Requirement: MUST | Weight: Critical (×2)

Whether the programmatic interface (API endpoints, SDK methods, MCP tools) is documented with sufficient detail for an agent to use without guessing.

Dual-interface tools: For tools with multiple programmatic interfaces (e.g., REST API and MCP server), the MUST gate evaluates the primary interface's documentation coverage. The primary interface is determined automatically during classification based on the tool's documented recommended integration path (typically REST API for tools with both REST and MCP). Poor documentation coverage on a secondary interface is captured in the criterion's overall score and in PI9 (MCP Implementation Quality), but does not independently trigger the MUST gate failure. This prevents penalizing tools for offering an additional interface: a tool should not be disincentivized from publishing an MCP server by the risk that its MCP documentation triggers a MUST gate failure when its REST API documentation is comprehensive.

Score	Description
0. Failing	No interface documentation; or docs exist but cover <50% of methods/endpoints
1. Basic	Methods/endpoints are documented; >50% have basic descriptions
2. Good	>80% of methods/endpoints have request/response examples; parameter types and constraints documented
3. Excellent	100% coverage with examples, edge cases, and error scenarios documented per method/endpoint; parameter constraints include formats, ranges, and valid values

`PI2`Tool/Endpoint Description Quality

Requirement: MUST | Weight: Critical (×2)
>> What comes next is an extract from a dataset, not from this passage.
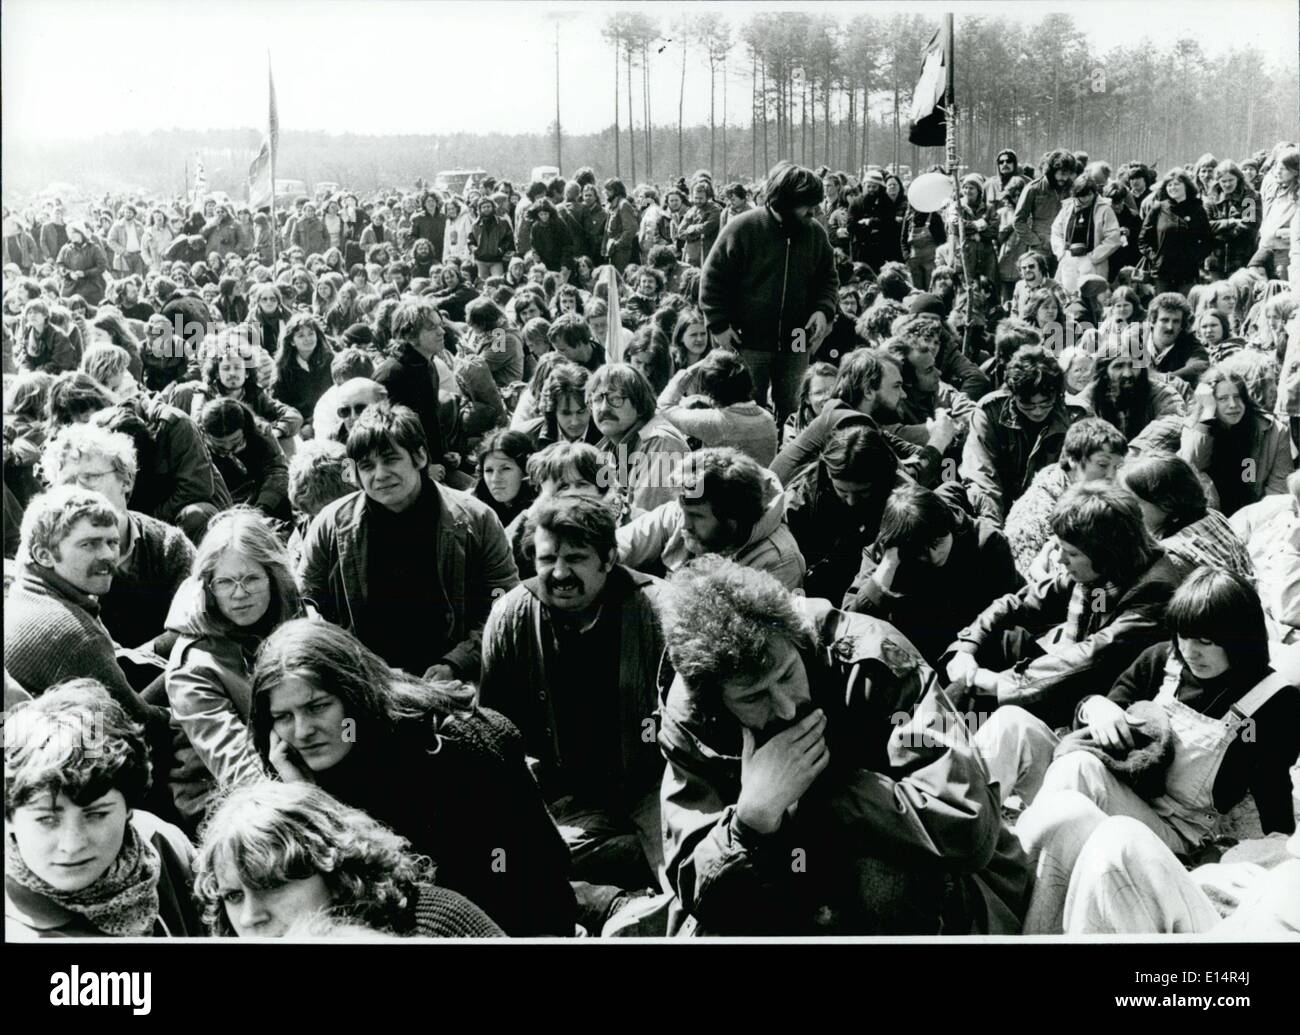 Apr. 18, 2012 - Atomic-power-opponents occupy the area of the atomic-power-plant in Gorleben/West Germany: About 5000 atomic-powerp-opponents of a ll countries of West-Germany occupied at Saturday, may 3rd, 1980 the third auger hole for the planned atomic refuse pit in the salt stone of Gorleben/West Germany. Without intervention of the police and without incidences on the side of the demonstrators. They started to built a kraal on the area of the German Society for Re-Upgrading of Atomic Fuel (DWK. The material for the kraal was given by the population of the area around Gorleben Stock Photo

The completeness, specificity, and actionability of descriptions attached to tools, functions, or API endpoints.

Score	Description
0. Failing	Missing descriptions, name restatement ("Gets data"), no parameter descriptions
1. Basic	Basic description of what tool/endpoint does; some parameter documentation
2. Good	Specific descriptions with when-to-use guidance; all parameters described with types and examples; 1–2 usage examples per tool
3. Excellent	When-to-use AND when-NOT-to-use; inline examples with realistic data; enum values listed; return format documented; 1–5 examples focusing on ambiguous cases; edge cases noted

`PI3`Tool Count & Surface Area Management

Requirement: SHOULD | Weight: Critical (×2)
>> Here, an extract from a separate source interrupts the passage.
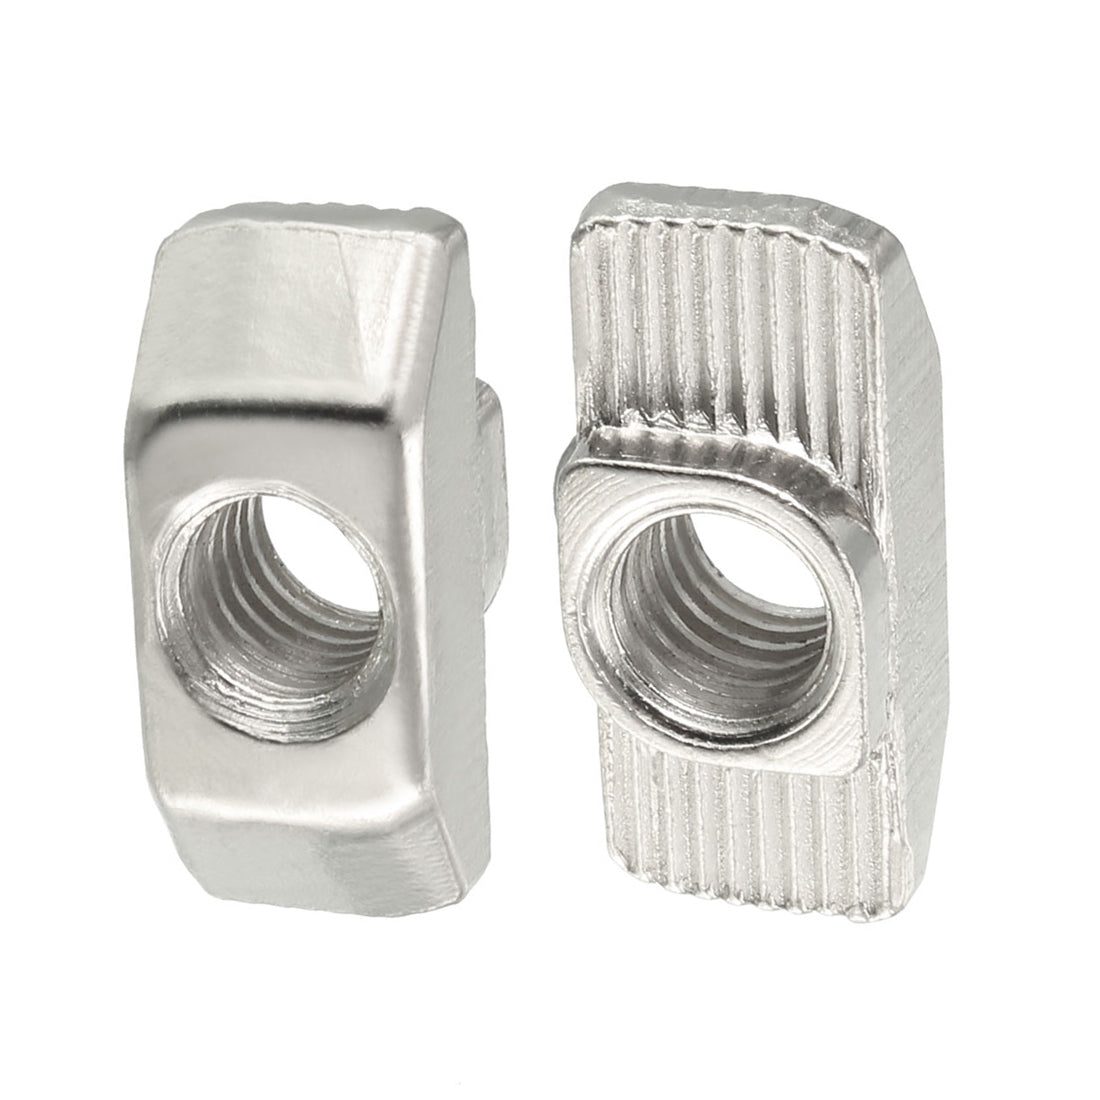 uxcell Uxcell Sliding T Slot Nuts, M6 Thread for 4040 Series Aluminum Extrusion Profile 30pcs

The number of tools/endpoints exposed to an agent at once, and whether mechanisms exist to manage surface area.

Score	Description
0. Failing	50+ undifferentiated tools; each tool = one REST endpoint (API-mirroring pattern); or 31–49 tools with no meaningful grouping or surface area management
1. Basic	≤30 tools; some logical grouping
2. Good	5–15 focused tools designed around user outcomes (not API operations); logical grouping
3. Excellent	5–15 tools + dynamic discovery/deferred loading for larger catalogs; code-mode pattern for complex APIs; semantic search over tool catalog

`PI4`Input Schema Design

Requirement: SHOULD | Weight: Critical (×2)

The degree to which input validation prevents common agent errors through strict schemas, constrained formats, and actionable feedback.

Score	Description
0. Failing	No schema validation; loose types; accepts malformed input silently
1. Basic	Basic JSON Schema with types; some required field marking
2. Good	Strict schemas with enums for constrained fields; format examples; ≤3 nesting levels; all properties documented
3. Excellent	Flat top-level primitives; comprehensive enum/default/description; ≤500 tokens per tool schema; `strict: true` compatible; `additionalProperties: false`

`PI5`Output Quality & Token Efficiency

Requirement: SHOULD | Weight: Standard (×1)

Whether responses contain high-signal, bounded-size data with pagination and format optimization.

Score	Description
0. Failing	Unbounded responses with no size constraints (100K+ tokens possible); opaque UUIDs without context; no pagination
1. Basic	Pagination exists; typical responses <10K tokens
2. Good	Paginated with cursor metadata (`has_more`, `next_cursor`); compact summaries; semantic identifiers; filtering parameters
3. Excellent	Token-budgeted responses; `outputSchema` defined; concise mode available; cursor-based pagination; CSV/TSV option for tabular data; response size bounded by default

`PI6`Response Envelope Consistency

Requirement: SHOULD | Weight: Standard (×1)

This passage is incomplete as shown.